Tim detikcom - detikNews
Kamis, 23 Sep 2021 15:49 WIB
Panglima TNI Marsekal Hadi Tjahjanto meninjau serbuan vaksin COVID-19 di Riau
Panglima TNI Marsekal Hadi Tjahjanto meninjau serbuan vaksin COVID-19 di Riau.

Panglima TNI dalam kesempatan ini juga menekankan agar jajaran Kodam dan Polda memberikan pendampingan dalam manajemen di lapangan. Demikian pula dengan jajaran pemda, dinkes, BKKBN, dan BPBD turut berperan dalam semua program penanganan sesuai kapasitas masing-masing.

"Untuk pelaksanaan vaksinasi, pemda bersama TNI-Polri, BNPB, Kemenkes harus meningkatkan komunikasi, koordinasi, dan kolaborasi dalam manajemen vaksinasi.
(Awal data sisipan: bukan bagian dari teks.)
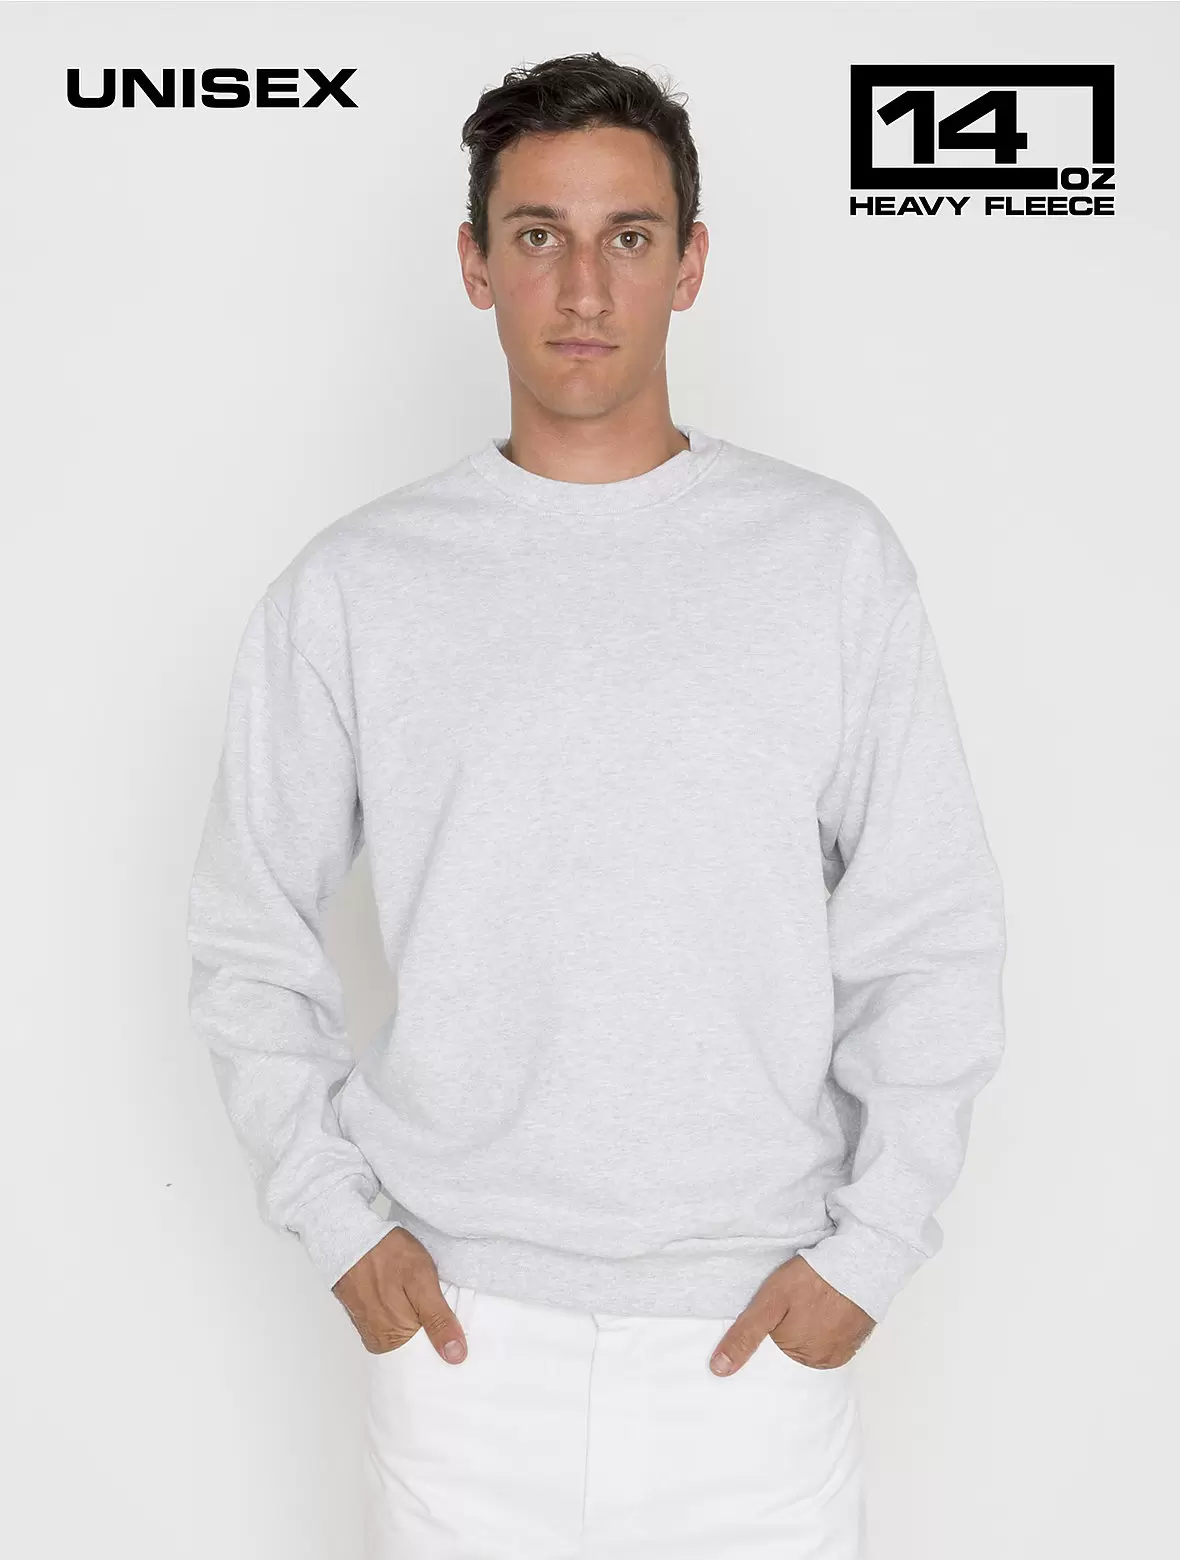 Los Angeles Apparel HF07GD Heavy Fleece Pullover Crewneck Blank Sweatshirt  14 oz - From $25.15

Saat ini suplai vaksin akan semakin banyak, maka diperlukan percepatan vaksinasi agar segera mencapai target vaksinasi," pungkas Panglima TNI.
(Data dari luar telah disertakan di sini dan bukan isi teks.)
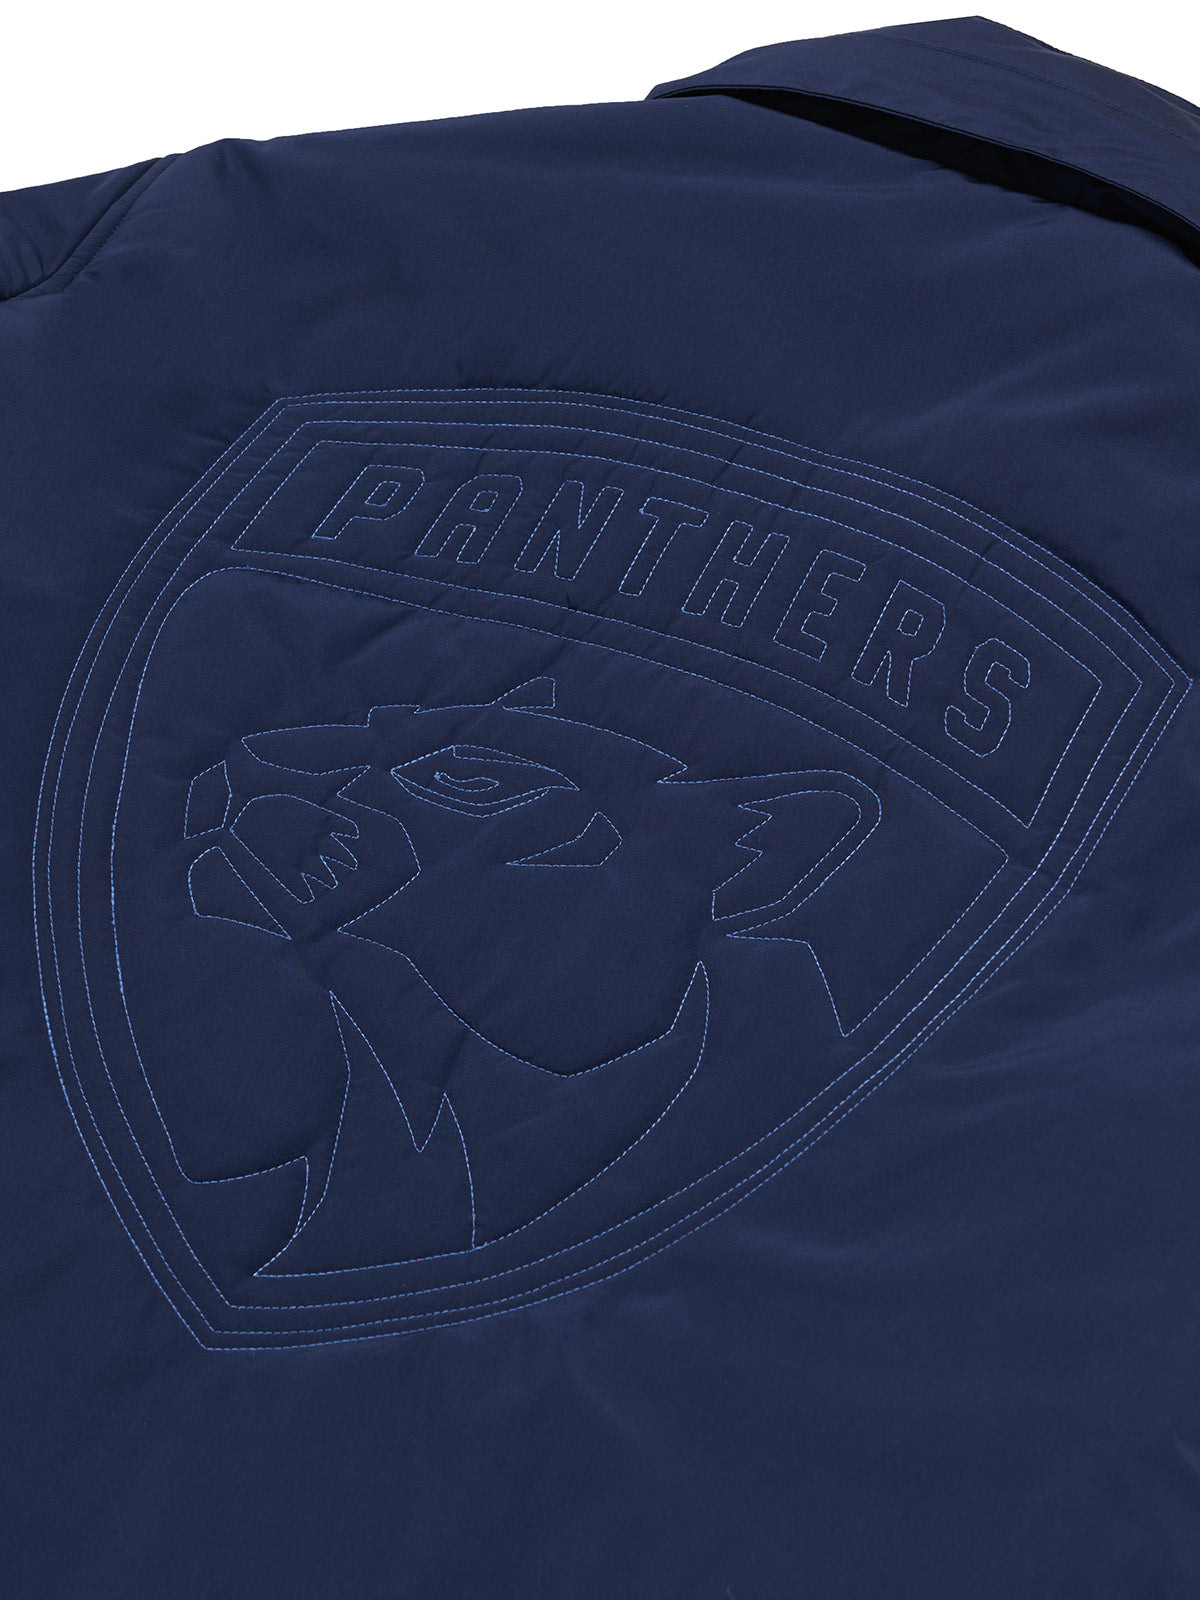 Florida Panthers Coach's Jacket

Panglima TNI Berdialog dengan Siswa SMP di Pekanbaru

Panglima TNI Marsekal Hadi Tjahjanto juga meninjau program percepatan vaksinasi di Pekanbaru. Dalam kesempatan ini, Hadi mengingatkan pentingnya program percepatan vaksinasi untuk mengatasi pandemi COVID-19.
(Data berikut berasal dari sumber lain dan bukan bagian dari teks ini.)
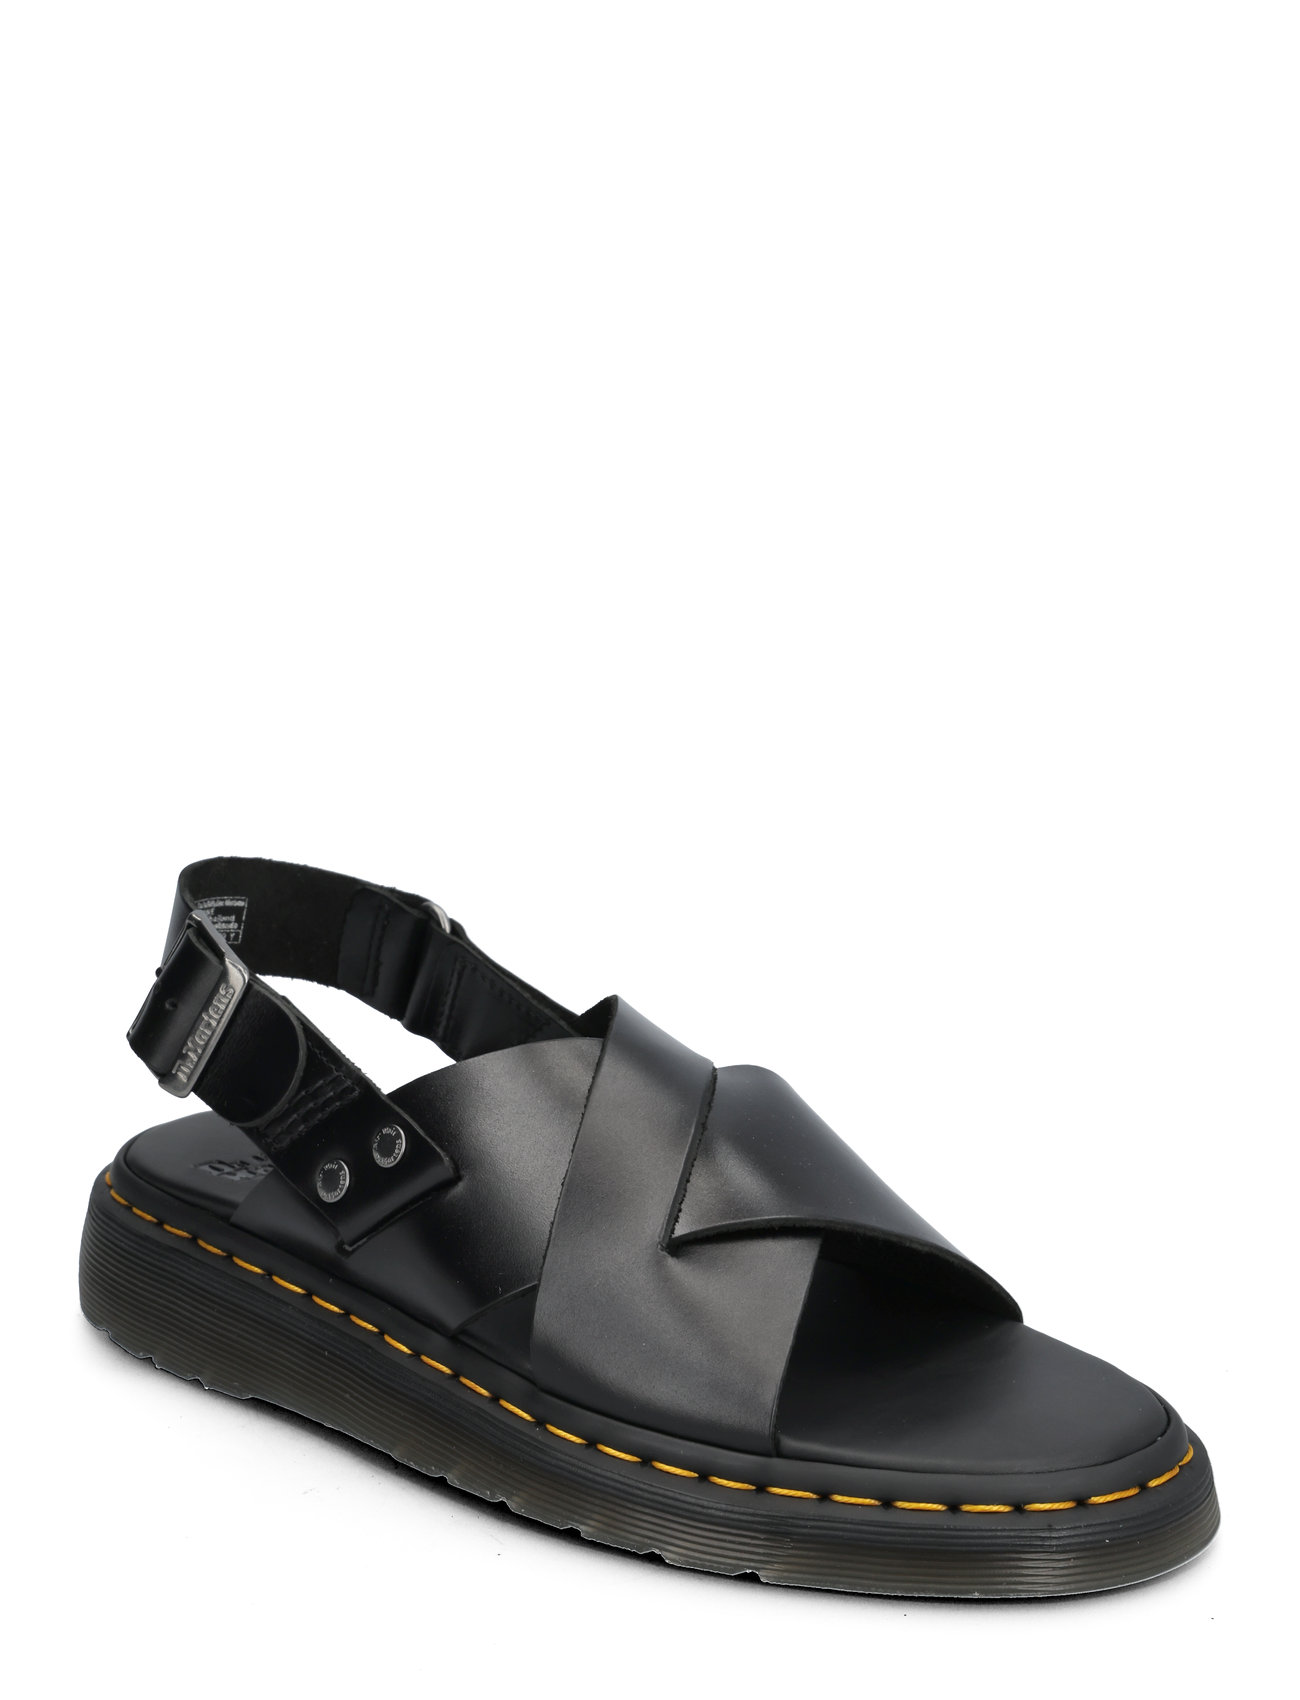 Zane Black Brando Designers Summer Shoes Sandals Black Dr. Martens

Marsekal Hadi meninjau percepatan vaksinasi di SMPN 9 Pekanbaru, Kamis (23/9/2021). Turut serta Kepala BNPB Letjen Ganip Warsito dan Kabaharkam Polri Komjen Arief Sulistyanto.

Ditargetkan ada 1.000 dosis vaksin yang akan diberikan kepada siswa dan siswi SMP di seputar Kota Pekanbaru. Kegiatan ini didukung 35 vaksinator gabungan dari TNI-Polri dan Dinkes.

Ada hal menarik dalam peninjauan program percepatan vaksinasi kali ini. Marsekal Hadi sempat berdialog langsung dengan salah seorang siswa bernama Gilang.

"Bagaimana, enak sekolah virtual atau tatap muka?" tanya Hadi. Gilang menjawab, lebih enak sekolah tatap muka karena dapat bertanya langsung ke guru jika ada hal yang kurang dipahami.

Kemudian Hadi kembali bertanya apa cita-cita siswa tersebut jika sudah besar nanti.

"Jadi pemain bola, Bapak, jadi kiper," jawab Gilang.

Marsekal Hadi lantas mengajak siswa tersebut mempraktikkan bagaimana jika mendapatkan serangan bola dari kanan atas ataupun bawah. Ini dilakukan Hadi semata-mata untuk menghilangkan rasa takut dari siswa tersebut sebelum divaksinasi.

Selanjutnya, Panglima TNI, Kepala BNPB dan Kabaharkam Polri melanjutkan menyapa jajaran yang melaksanakan vaksinasi di beberapa wilayah secara virtual. Salah satu tempat yang disapa Panglima TNI adalah vaksinasi di Pondok Modern Nurul Hidayah, yang hari ini melaksanakan vaksinasi sebanyak 1.200 santri.

"Bagus, lanjutkan lagi untuk yang belum divaksin baik dosis pertama maupun dosis kedua agar kegiatan di pesantren bisa berjalan dengan baik dan terhindar dari terpaparnya COVID-19, termasuk para pengasuhnya. Jangan lupa, semuanya dilaksanakan vaksinasi," ucap Hadi.